ENVIRONMENTAL POLICIES FOR MOBILE SOURCES

The first initiative at European level to fight air pollution from vehicles has been undertaken in 1970 with the Directive n. 220 which established emission standards for carbon monoxide and hydrocarbons, but an important effort started in the seventies, to foster acid rain, aimed at reducing the acid components (mainly NOx), through an end-of-pipe technology as a catalytic converter. This required a different gasoline without lead compound additives which being poison for the catalyst did not allow the use of the converter. At the same time the entire propulsion system had to be modified, in some either design or/and functioning parameters.

The new gasoline, called green, actually was not really green being enriched with polycyclic aromatic hydrocarbons. In some countries (Switzerland, Austria, Germany) where the lead concentration in gasoline was firstly reduced to 0.15 g/l the concentration of benzene raised to 5 %, while in Italy the gasoline with 0.4 g/l of lead had 2% of benzene. Furthermore, the catalytic converter could not have good efficiency for several reasons, first of all for the circumstance that the temperature should reach at least 300 °C which be hardly reached by cars within a city where the distances to be covered are generally too short.

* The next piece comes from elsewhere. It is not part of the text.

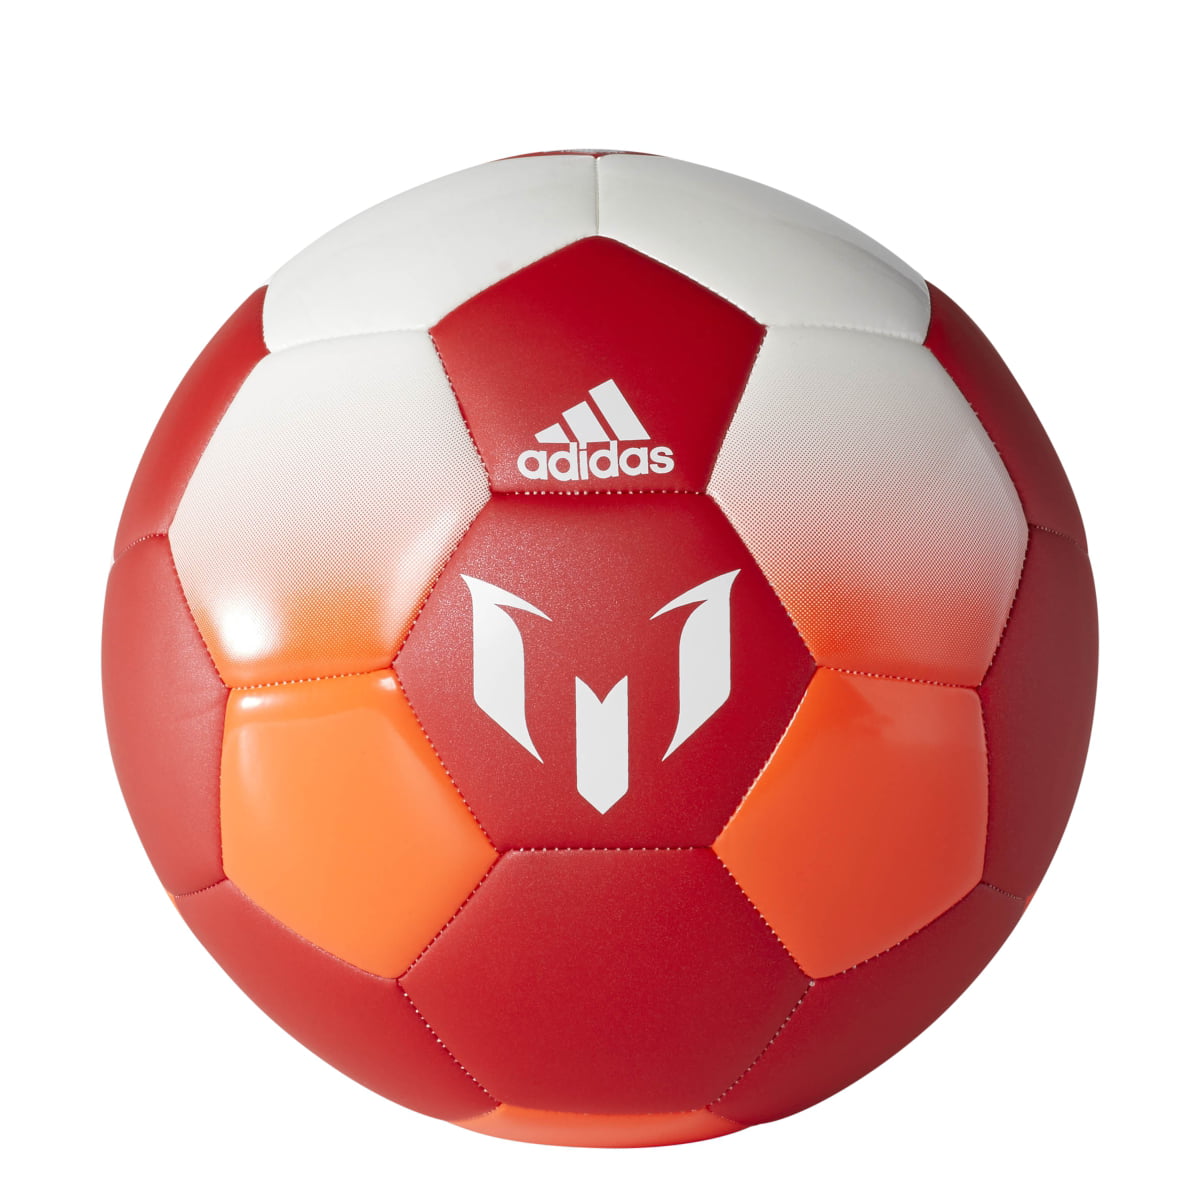 adidas Messi Q1 Soccer Ball - Walmart

In other words, the revolution of the green gasoline, quickened by prospects of big business rather than by environmental reasons, for which a precautionary Environmental Impact Assessment should have been useful, has been somehow a mistake. In many cities we still have high level of benzene in the air, notwithstanding the fact that the content in gasoline has been progressively lowered to the actual 1% (v/v), and the contribution of vehicles to air pollution in large cities is around 63% for NOx, while in 1980 was around 30%.

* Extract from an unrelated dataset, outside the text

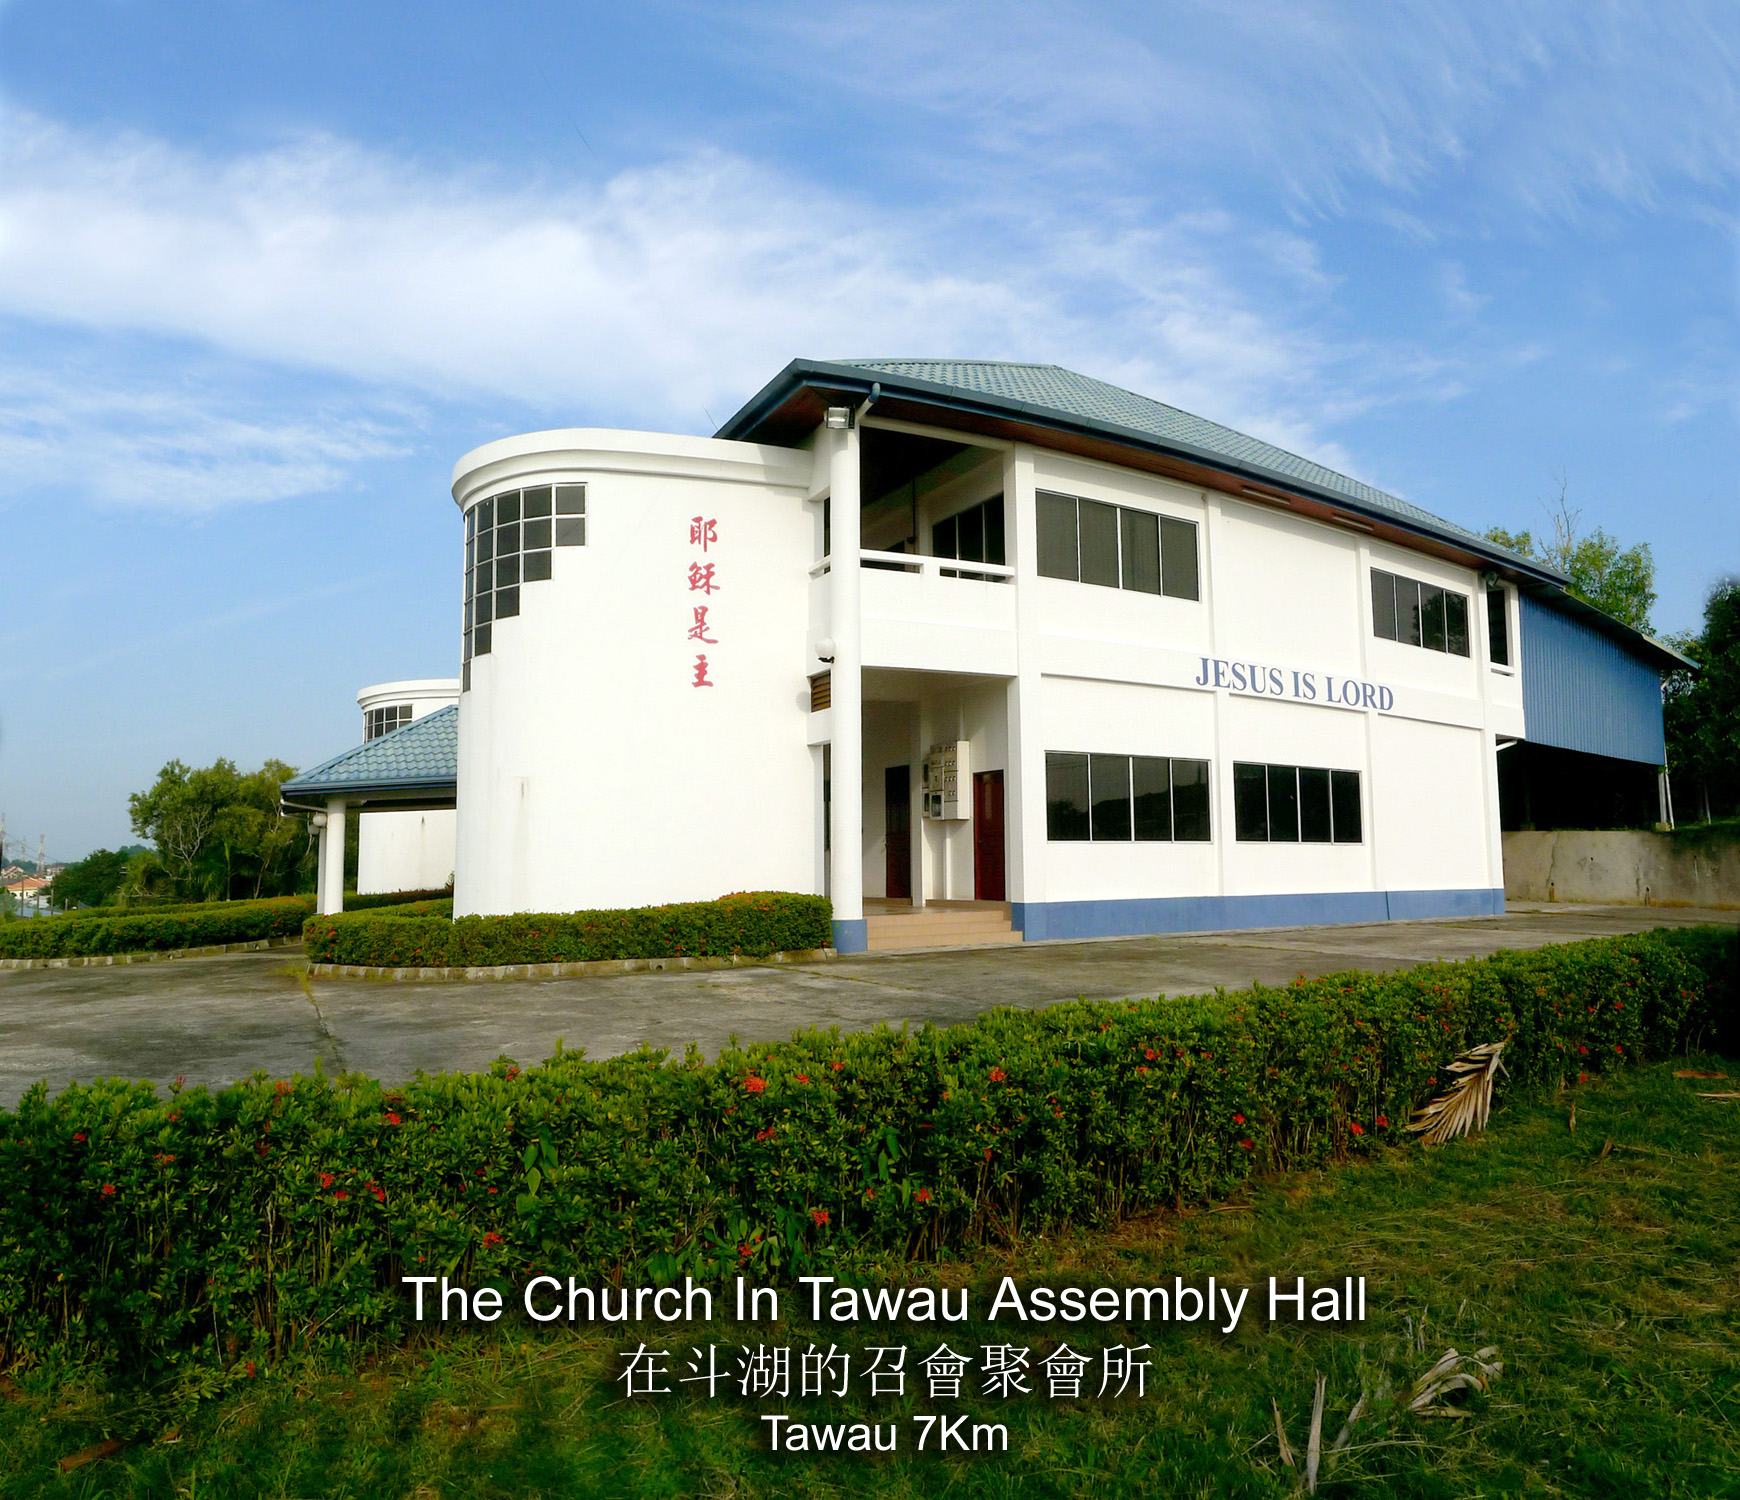 The Church In Tawau Assembly Hall 在斗湖的召會聚會所

Leaving apart this unlucky start of the environment policy for mobile sources, it is important to notice that also in this field the same strategies discussed for industries are generally adopted like command and control and taxation. In particular, some environmental characteristics of fuels for Otto and Diesel engines have been very much improved and are going to be improved further, as shown in tab. 1 [15]. In Italy a limit of 40% instead of 42% for aromatic hydrocarbons has been adopted [16] and the leaded gasoline has been banished from the market. On this point it is important to underline that this choice was due not to lead compound emissions, being the urban air concentration well below the environmental standards, but to the need for the elimination of a poison for the catalyst and the adoption of a converter for all vehicles. Within 2005 the limits for aromatic compounds and sulphur will be further reduced.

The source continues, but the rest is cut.